─── Data shown

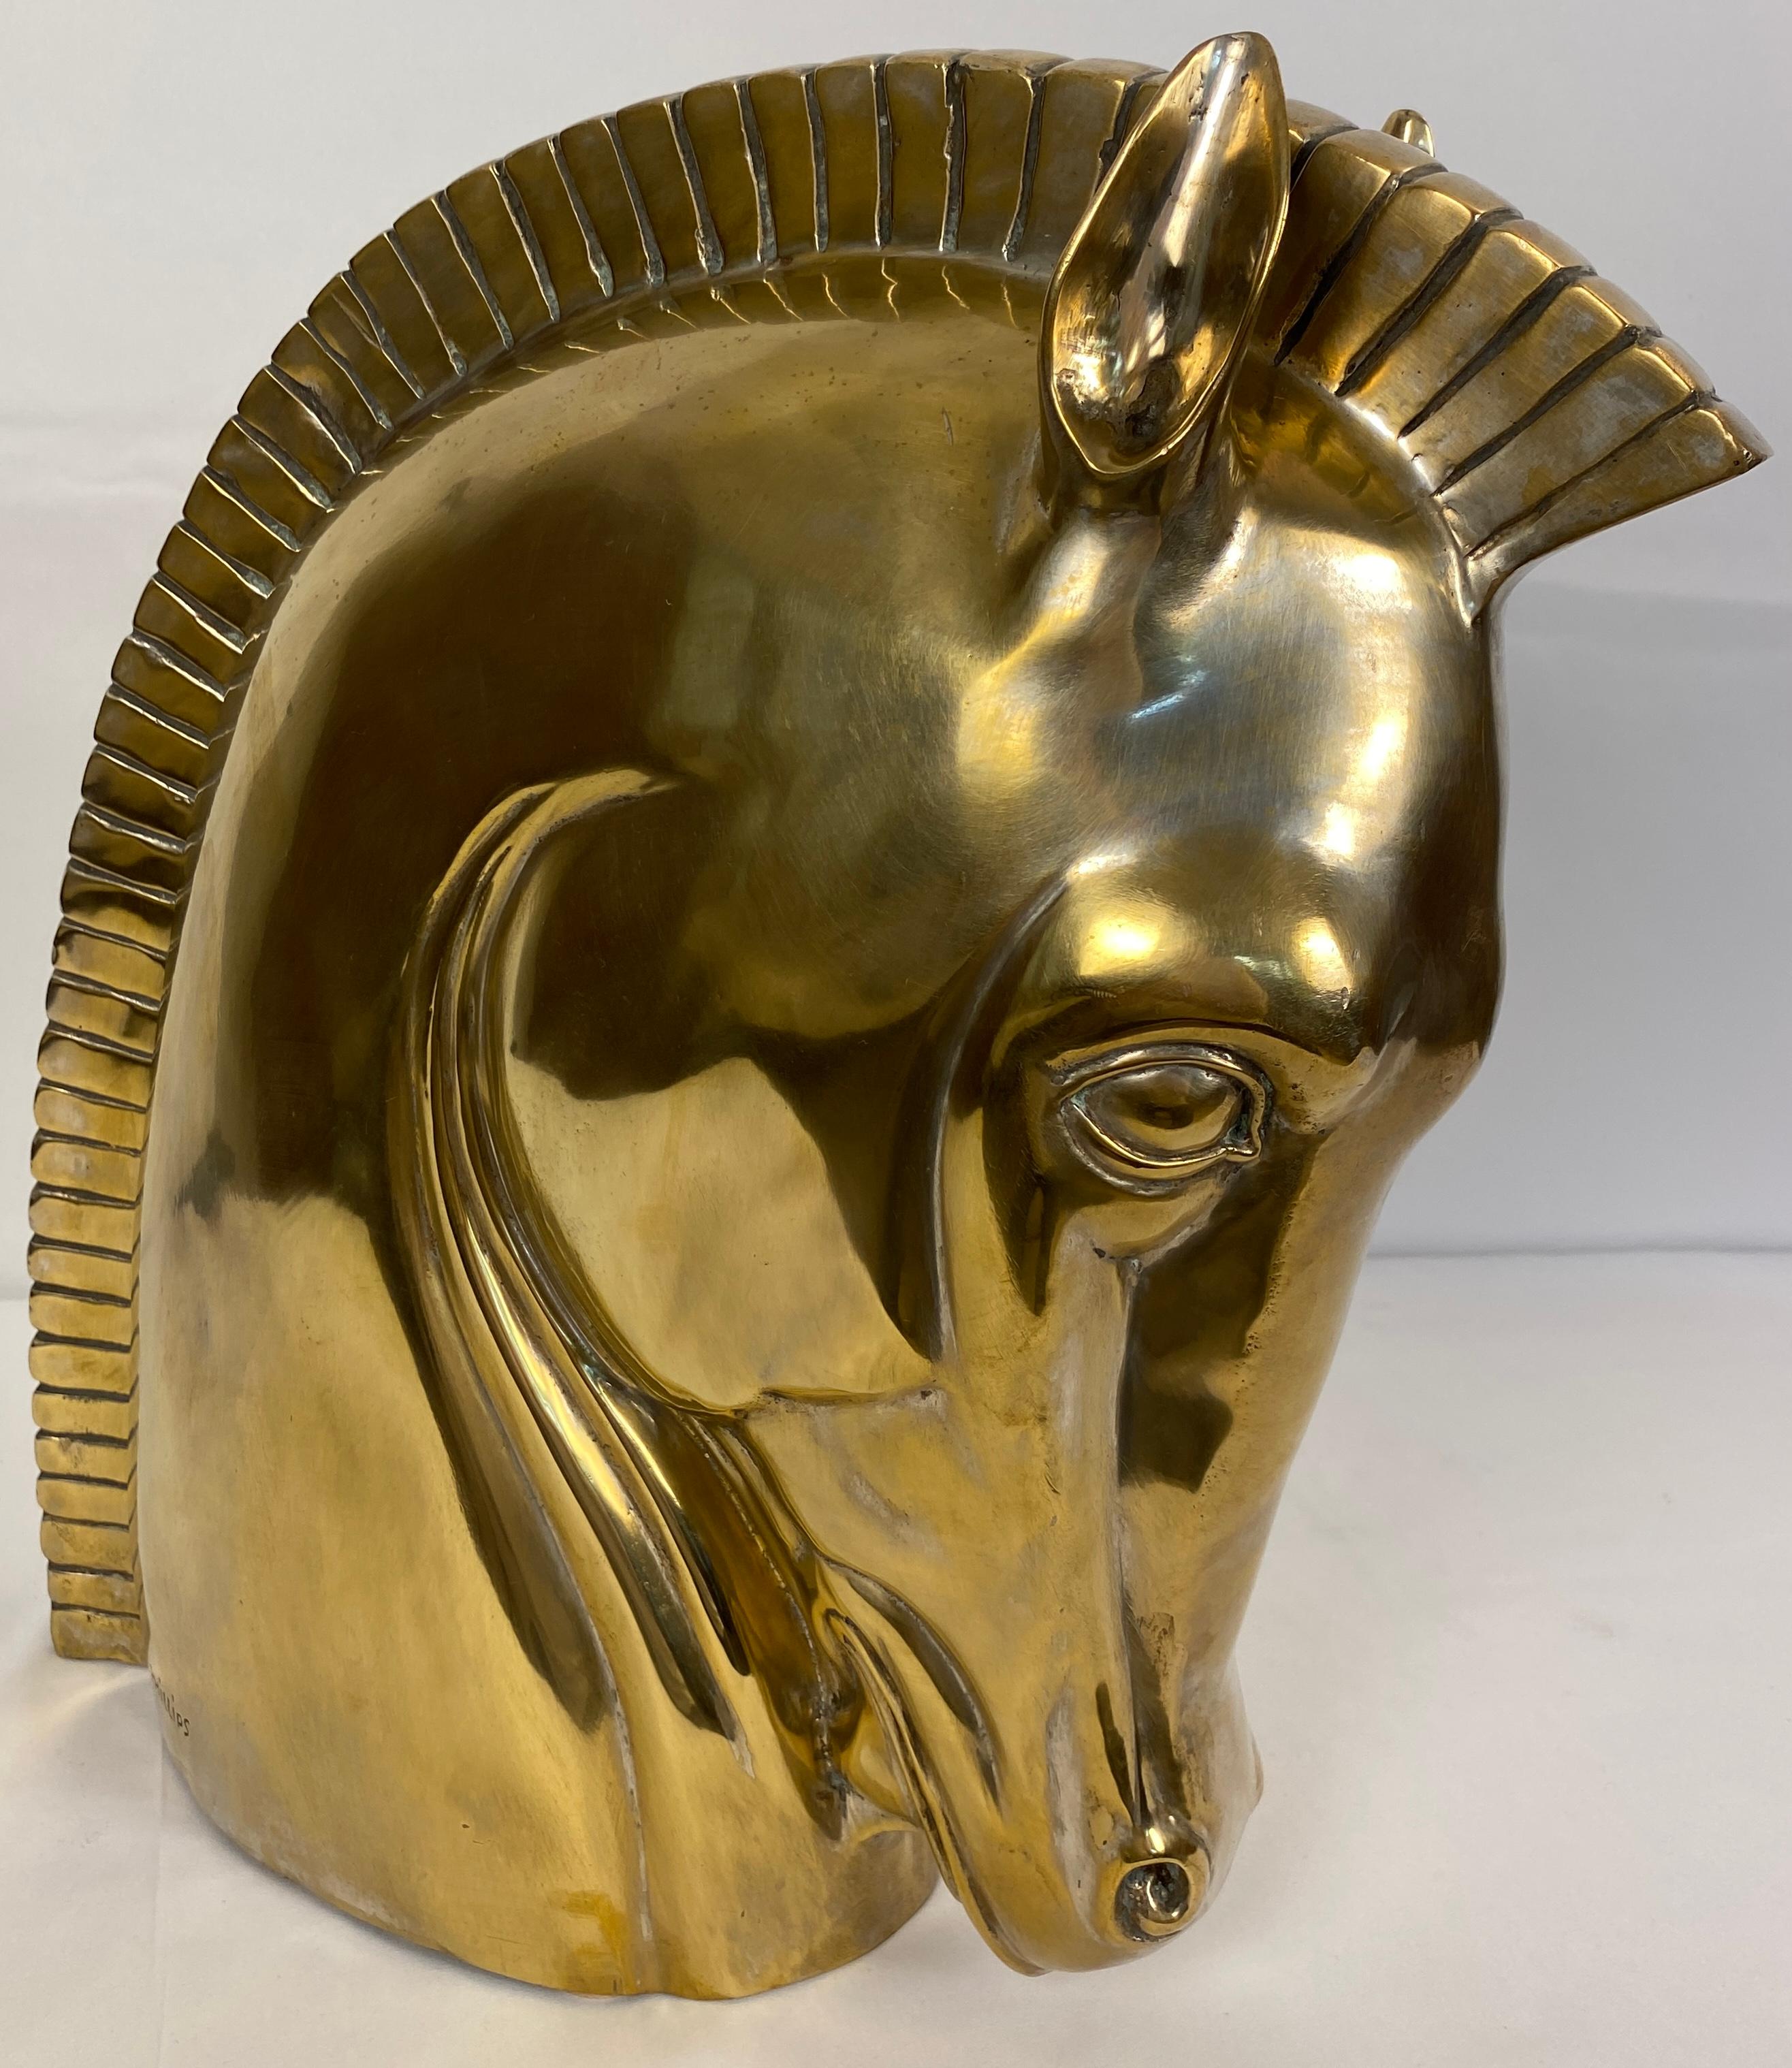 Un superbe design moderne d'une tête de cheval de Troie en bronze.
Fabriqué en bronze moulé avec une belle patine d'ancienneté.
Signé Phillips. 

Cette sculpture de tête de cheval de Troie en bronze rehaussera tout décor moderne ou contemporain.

──────
─── Data shown

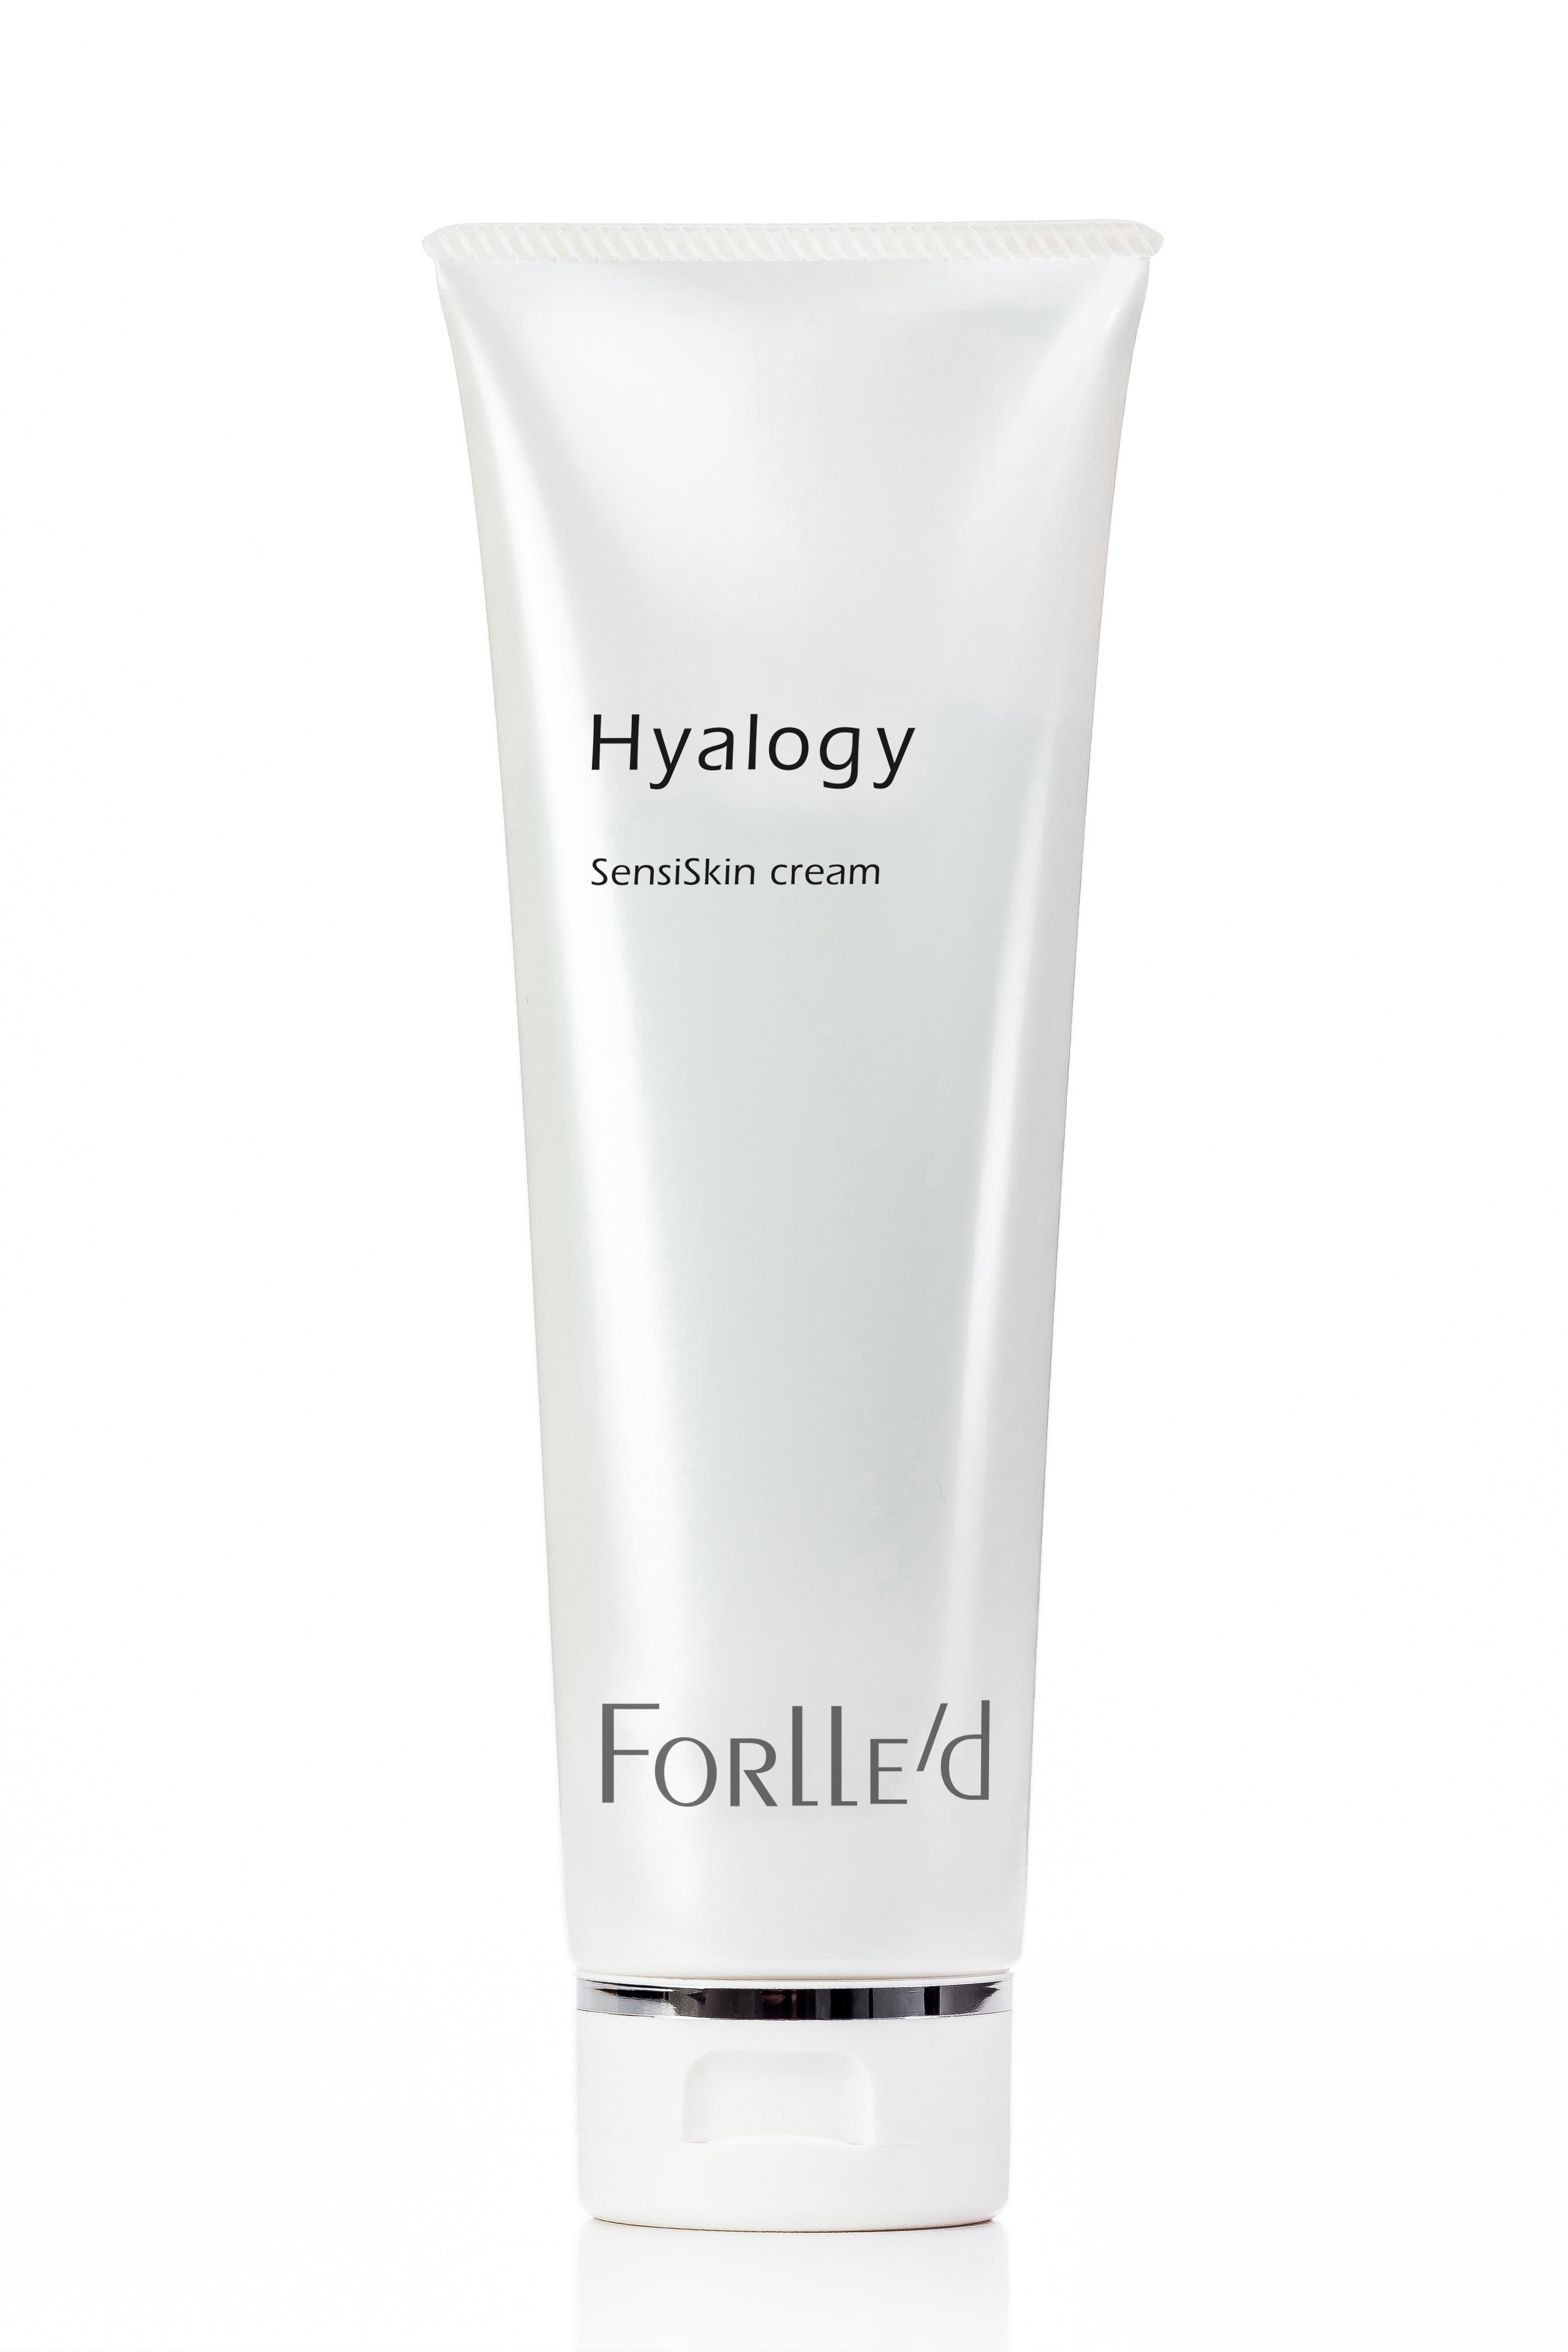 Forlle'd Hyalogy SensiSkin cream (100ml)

──────

### [Problem details]
Only one stretch of the listing above is to be duplicated: the lines from the one containing "Un superbe design" through the one containing "Cette sculpture de", both included. Copy them exactly, minus the pictures.

### [Answer area]
 Un superbe design moderne d'une tête de cheval de Troie en bronze.
Fabriqué en bronze moulé avec une belle patine d'ancienneté.
Signé Phillips. 

Cette sculpture de tête de cheval de Troie en bronze rehaussera tout décor moderne ou contemporain.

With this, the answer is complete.